God has been breaking that hardened heart wide open and I’m overwhelmed by it. I’m scared of it. Everything I’ve clung to is dissolving in the light of God’s healing glory.

God is wrecking my old life, my old expectations, my old status quo…

I’ve been made new. I’ve been created in the likeness of God in true righteousness and holiness.

God has offered me a new identity, but it means I have to let go of the old and embrace it.

That’s where it gets hard.

Purpose in the Moment

As I was cruising down Yorba Linda Blvd today on my way in to work I heard a story.

Ryan Tedder, one of the founders of the band OneRepublic, had called into the radio station I was listening to. He was asked to share his 9/11 experience. He told listeners that on the day the planes crashed into the World Trade Center he was crushed. A few days later he went down to a Navy recruiting station with every intention of joining the military. They told him no. He was an only child and it was highly likely there would be deployments in the future (and there were, as I think we all know the story of Iraq) and Ryan’s family did not need to lose their only child.

Disheartened, Ryan left and in that moment probably felt pretty helpless. Later in life, after his band took off the ground and he was well into his musical career, OneRepublic was able to play for the combined armed forces stationed in Hawaii. After playing a show for them on the 4th of July a woman came up to him, explained she was a sniper and had just gotten back from a tour of duty, and that OneRepublic’s album had gotten her through that hard time.

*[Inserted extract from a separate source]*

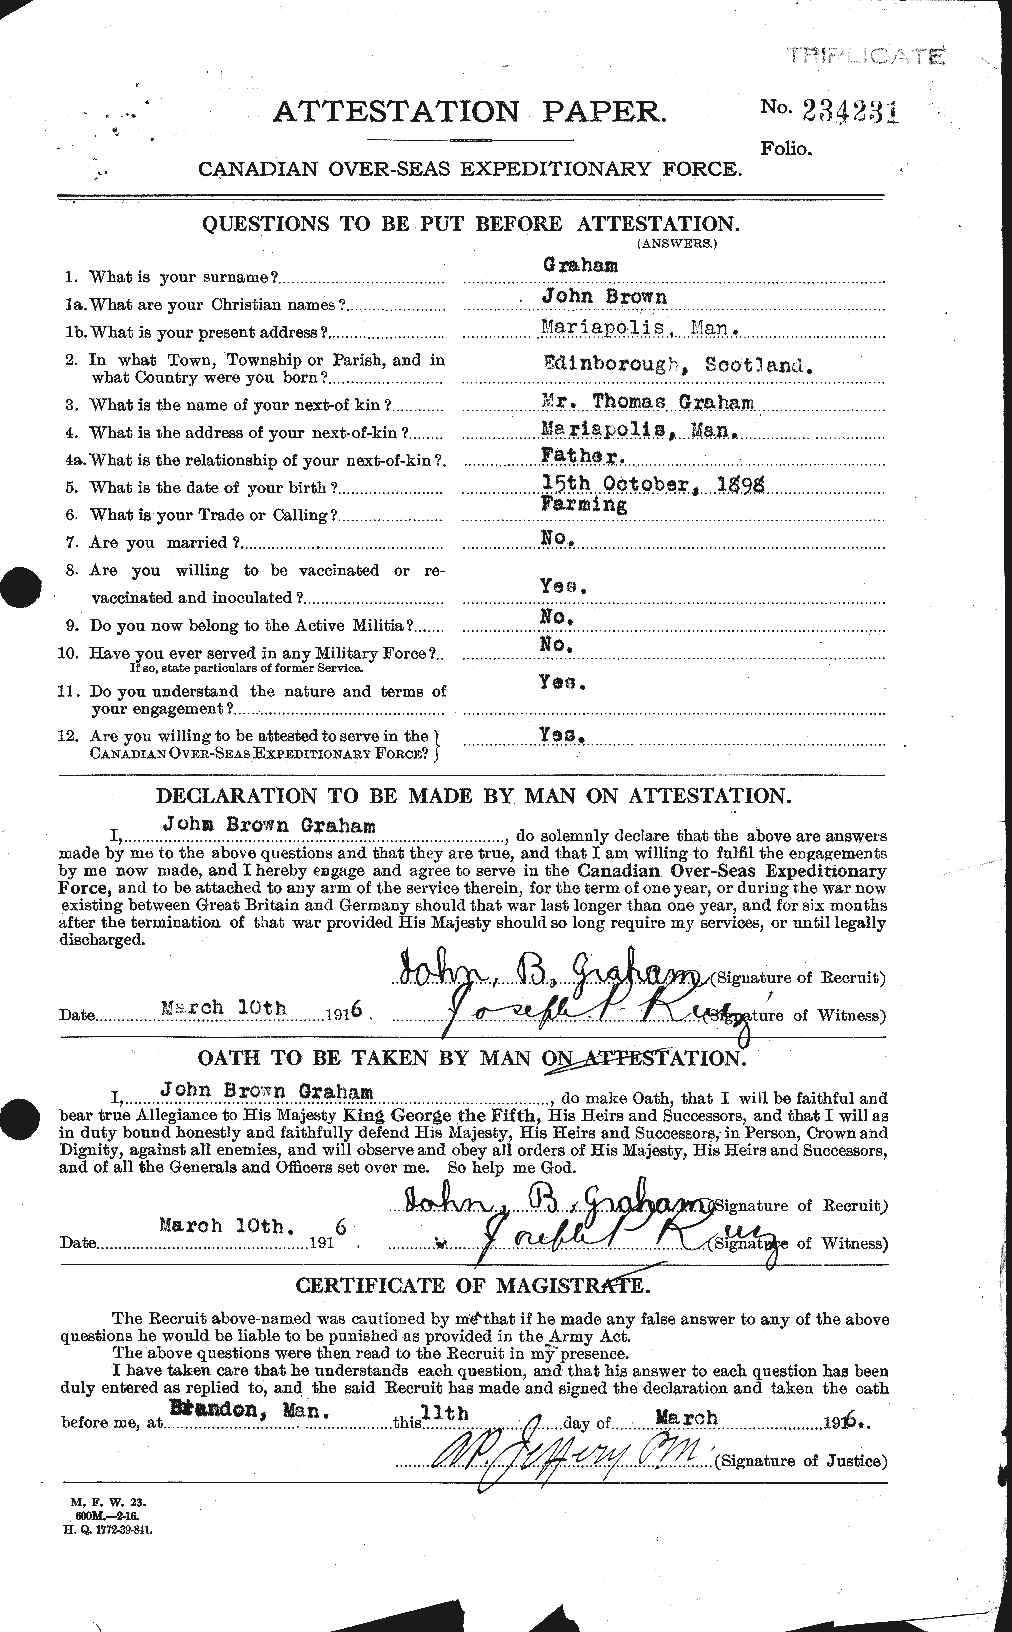 Personnel Records of the First World War - CEF 359157a

When one door shut, another door opened, and it ended up helping another individual through a hard time.

I think there is a huge lesson to learn from this: Everything has a purpose; good times, bad times, open doors, and closed doors. We may be going along in life, doing what we think we’re supposed to do, only to find a door we thought would be wide open is closed, locked, and boarded up. It is disheartening and hard to stare at that closed door, wondering what happened. However, a closed door for us in that moment might mean a door opened for someone else who needed it a lot more than us.

We’re such a small part of life that what seems like a tsunami to us is really just a ripple that reaches someone else and changes their life. Ryan Tedder wanted to join the military, to make a difference in the world, and when that door closed he was crushed. Yet that door closing meant he would go on to produce music that would touch the hearts of millions. There was a purpose for that rejection, even if it stung in the moment.

A professor of mine once wrote this on an exam and I think it sums up my point, so I will leave you with this:

There is as much purpose in the present moment as there is in your future. Don’t wait for your life to be meaningful, it already is. Have you ever considered that you already have everything you need?